[MATERIALS PROVIDED Boundary: Start]

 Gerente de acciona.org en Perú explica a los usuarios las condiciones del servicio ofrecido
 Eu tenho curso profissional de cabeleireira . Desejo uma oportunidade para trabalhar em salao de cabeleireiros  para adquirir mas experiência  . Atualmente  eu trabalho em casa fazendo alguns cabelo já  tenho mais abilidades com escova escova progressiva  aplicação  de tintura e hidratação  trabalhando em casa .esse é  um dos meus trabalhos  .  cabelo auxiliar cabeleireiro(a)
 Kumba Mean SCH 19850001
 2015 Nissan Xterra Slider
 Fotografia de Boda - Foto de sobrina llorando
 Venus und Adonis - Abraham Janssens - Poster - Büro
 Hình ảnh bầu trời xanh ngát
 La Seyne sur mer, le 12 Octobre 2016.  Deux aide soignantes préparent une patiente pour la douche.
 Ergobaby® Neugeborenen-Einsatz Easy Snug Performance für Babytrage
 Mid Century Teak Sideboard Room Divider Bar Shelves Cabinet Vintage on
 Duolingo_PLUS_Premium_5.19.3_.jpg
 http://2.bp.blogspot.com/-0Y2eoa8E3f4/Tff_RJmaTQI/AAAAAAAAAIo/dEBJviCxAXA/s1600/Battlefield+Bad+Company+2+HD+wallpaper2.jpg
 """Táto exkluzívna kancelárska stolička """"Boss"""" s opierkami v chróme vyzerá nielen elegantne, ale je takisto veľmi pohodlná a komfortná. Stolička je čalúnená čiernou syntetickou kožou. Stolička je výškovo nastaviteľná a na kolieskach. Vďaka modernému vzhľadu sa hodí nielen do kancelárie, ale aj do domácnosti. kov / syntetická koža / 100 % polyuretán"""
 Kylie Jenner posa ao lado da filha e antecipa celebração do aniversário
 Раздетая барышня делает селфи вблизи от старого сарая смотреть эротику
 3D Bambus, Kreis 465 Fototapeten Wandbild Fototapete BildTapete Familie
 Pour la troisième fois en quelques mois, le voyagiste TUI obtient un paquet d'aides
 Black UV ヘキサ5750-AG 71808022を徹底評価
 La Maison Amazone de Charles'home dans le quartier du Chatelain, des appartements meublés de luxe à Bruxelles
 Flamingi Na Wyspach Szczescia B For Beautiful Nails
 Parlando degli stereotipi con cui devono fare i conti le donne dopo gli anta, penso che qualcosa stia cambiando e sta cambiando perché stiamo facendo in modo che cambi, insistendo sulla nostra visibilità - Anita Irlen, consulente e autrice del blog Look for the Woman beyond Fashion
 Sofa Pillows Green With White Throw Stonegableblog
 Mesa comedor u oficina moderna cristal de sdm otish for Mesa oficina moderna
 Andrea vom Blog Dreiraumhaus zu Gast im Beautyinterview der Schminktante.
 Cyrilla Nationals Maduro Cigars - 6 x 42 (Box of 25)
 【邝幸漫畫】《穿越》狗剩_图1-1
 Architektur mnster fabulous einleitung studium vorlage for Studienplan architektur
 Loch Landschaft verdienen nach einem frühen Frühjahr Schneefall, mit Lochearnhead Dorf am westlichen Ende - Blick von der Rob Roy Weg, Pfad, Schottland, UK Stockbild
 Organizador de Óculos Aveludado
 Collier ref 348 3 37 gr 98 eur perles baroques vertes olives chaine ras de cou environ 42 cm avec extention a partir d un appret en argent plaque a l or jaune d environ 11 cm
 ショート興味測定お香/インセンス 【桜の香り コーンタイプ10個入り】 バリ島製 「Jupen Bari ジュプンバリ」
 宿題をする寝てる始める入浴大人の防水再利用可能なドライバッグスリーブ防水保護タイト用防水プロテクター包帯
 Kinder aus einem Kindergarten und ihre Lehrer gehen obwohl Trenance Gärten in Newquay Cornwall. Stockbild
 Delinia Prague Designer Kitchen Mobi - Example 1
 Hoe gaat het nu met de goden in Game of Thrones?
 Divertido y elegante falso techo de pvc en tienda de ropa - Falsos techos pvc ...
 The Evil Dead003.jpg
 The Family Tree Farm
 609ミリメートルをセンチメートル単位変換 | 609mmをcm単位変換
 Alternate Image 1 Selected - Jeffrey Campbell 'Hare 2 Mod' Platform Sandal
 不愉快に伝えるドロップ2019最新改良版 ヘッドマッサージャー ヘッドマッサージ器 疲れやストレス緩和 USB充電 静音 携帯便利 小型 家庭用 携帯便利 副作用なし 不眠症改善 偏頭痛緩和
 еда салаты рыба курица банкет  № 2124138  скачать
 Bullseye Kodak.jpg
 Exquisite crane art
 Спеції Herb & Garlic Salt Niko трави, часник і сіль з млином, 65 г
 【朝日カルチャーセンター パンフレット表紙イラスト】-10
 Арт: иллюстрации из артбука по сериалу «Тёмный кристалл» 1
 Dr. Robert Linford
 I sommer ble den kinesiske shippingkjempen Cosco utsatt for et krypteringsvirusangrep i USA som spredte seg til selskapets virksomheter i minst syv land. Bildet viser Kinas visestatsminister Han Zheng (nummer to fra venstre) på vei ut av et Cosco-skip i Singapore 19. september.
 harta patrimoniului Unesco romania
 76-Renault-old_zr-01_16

[MATERIALS PROVIDED Boundary: End]

▶ [YOUR OBJECTIVE]: What you return must match the data word for word.

▶ [PROBLEM SOLUTION]:
 Gerente de acciona.org en Perú explica a los usuarios las condiciones del servicio ofrecido
 Eu tenho curso profissional de cabeleireira . Desejo uma oportunidade para trabalhar em salao de cabeleireiros  para adquirir mas experiência  . Atualmente  eu trabalho em casa fazendo alguns cabelo já  tenho mais abilidades com escova escova progressiva  aplicação  de tintura e hidratação  trabalhando em casa .esse é  um dos meus trabalhos  .  cabelo auxiliar cabeleireiro(a)
 Kumba Mean SCH 19850001
 2015 Nissan Xterra Slider
 Fotografia de Boda - Foto de sobrina llorando
 Venus und Adonis - Abraham Janssens - Poster - Büro
 Hình ảnh bầu trời xanh ngát
 La Seyne sur mer, le 12 Octobre 2016.  Deux aide soignantes préparent une patiente pour la douche.
 Ergobaby® Neugeborenen-Einsatz Easy Snug Performance für Babytrage
 Mid Century Teak Sideboard Room Divider Bar Shelves Cabinet Vintage on
 Duolingo_PLUS_Premium_5.19.3_.jpg
 http://2.bp.blogspot.com/-0Y2eoa8E3f4/Tff_RJmaTQI/AAAAAAAAAIo/dEBJviCxAXA/s1600/Battlefield+Bad+Company+2+HD+wallpaper2.jpg
 """Táto exkluzívna kancelárska stolička """"Boss"""" s opierkami v chróme vyzerá nielen elegantne, ale je takisto veľmi pohodlná a komfortná. Stolička je čalúnená čiernou syntetickou kožou. Stolička je výškovo nastaviteľná a na kolieskach. Vďaka modernému vzhľadu sa hodí nielen do kancelárie, ale aj do domácnosti. kov / syntetická koža / 100 % polyuretán"""
 Kylie Jenner posa ao lado da filha e antecipa celebração do aniversário
 Раздетая барышня делает селфи вблизи от старого сарая смотреть эротику
 3D Bambus, Kreis 465 Fototapeten Wandbild Fototapete BildTapete Familie
 Pour la troisième fois en quelques mois, le voyagiste TUI obtient un paquet d'aides
 Black UV ヘキサ5750-AG 71808022を徹底評価
 La Maison Amazone de Charles'home dans le quartier du Chatelain, des appartements meublés de luxe à Bruxelles
 Flamingi Na Wyspach Szczescia B For Beautiful Nails
 Parlando degli stereotipi con cui devono fare i conti le donne dopo gli anta, penso che qualcosa stia cambiando e sta cambiando perché stiamo facendo in modo che cambi, insistendo sulla nostra visibilità - Anita Irlen, consulente e autrice del blog Look for the Woman beyond Fashion
 Sofa Pillows Green With White Throw Stonegableblog
 Mesa comedor u oficina moderna cristal de sdm otish for Mesa oficina moderna
 Andrea vom Blog Dreiraumhaus zu Gast im Beautyinterview der Schminktante.
 Cyrilla Nationals Maduro Cigars - 6 x 42 (Box of 25)
 【邝幸漫畫】《穿越》狗剩_图1-1
 Architektur mnster fabulous einleitung studium vorlage for Studienplan architektur
 Loch Landschaft verdienen nach einem frühen Frühjahr Schneefall, mit Lochearnhead Dorf am westlichen Ende - Blick von der Rob Roy Weg, Pfad, Schottland, UK Stockbild
 Organizador de Óculos Aveludado
 Collier ref 348 3 37 gr 98 eur perles baroques vertes olives chaine ras de cou environ 42 cm avec extention a partir d un appret en argent plaque a l or jaune d environ 11 cm
 ショート興味測定お香/インセンス 【桜の香り コーンタイプ10個入り】 バリ島製 「Jupen Bari ジュプンバリ」
 宿題をする寝てる始める入浴大人の防水再利用可能なドライバッグスリーブ防水保護タイト用防水プロテクター包帯
 Kinder aus einem Kindergarten und ihre Lehrer gehen obwohl Trenance Gärten in Newquay Cornwall. Stockbild
 Delinia Prague Designer Kitchen Mobi - Example 1
 Hoe gaat het nu met de goden in Game of Thrones?
 Divertido y elegante falso techo de pvc en tienda de ropa - Falsos techos pvc ...
 The Evil Dead003.jpg
 The Family Tree Farm
 609ミリメートルをセンチメートル単位変換 | 609mmをcm単位変換
 Alternate Image 1 Selected - Jeffrey Campbell 'Hare 2 Mod' Platform Sandal
 不愉快に伝えるドロップ2019最新改良版 ヘッドマッサージャー ヘッドマッサージ器 疲れやストレス緩和 USB充電 静音 携帯便利 小型 家庭用 携帯便利 副作用なし 不眠症改善 偏頭痛緩和
 еда салаты рыба курица банкет  № 2124138  скачать
 Bullseye Kodak.jpg
 Exquisite crane art
 Спеції Herb & Garlic Salt Niko трави, часник і сіль з млином, 65 г
 【朝日カルチャーセンター パンフレット表紙イラスト】-10
 Арт: иллюстрации из артбука по сериалу «Тёмный кристалл» 1
 Dr. Robert Linford
 I sommer ble den kinesiske shippingkjempen Cosco utsatt for et krypteringsvirusangrep i USA som spredte seg til selskapets virksomheter i minst syv land. Bildet viser Kinas visestatsminister Han Zheng (nummer to fra venstre) på vei ut av et Cosco-skip i Singapore 19. september.
 harta patrimoniului Unesco romania
 76-Renault-old_zr-01_16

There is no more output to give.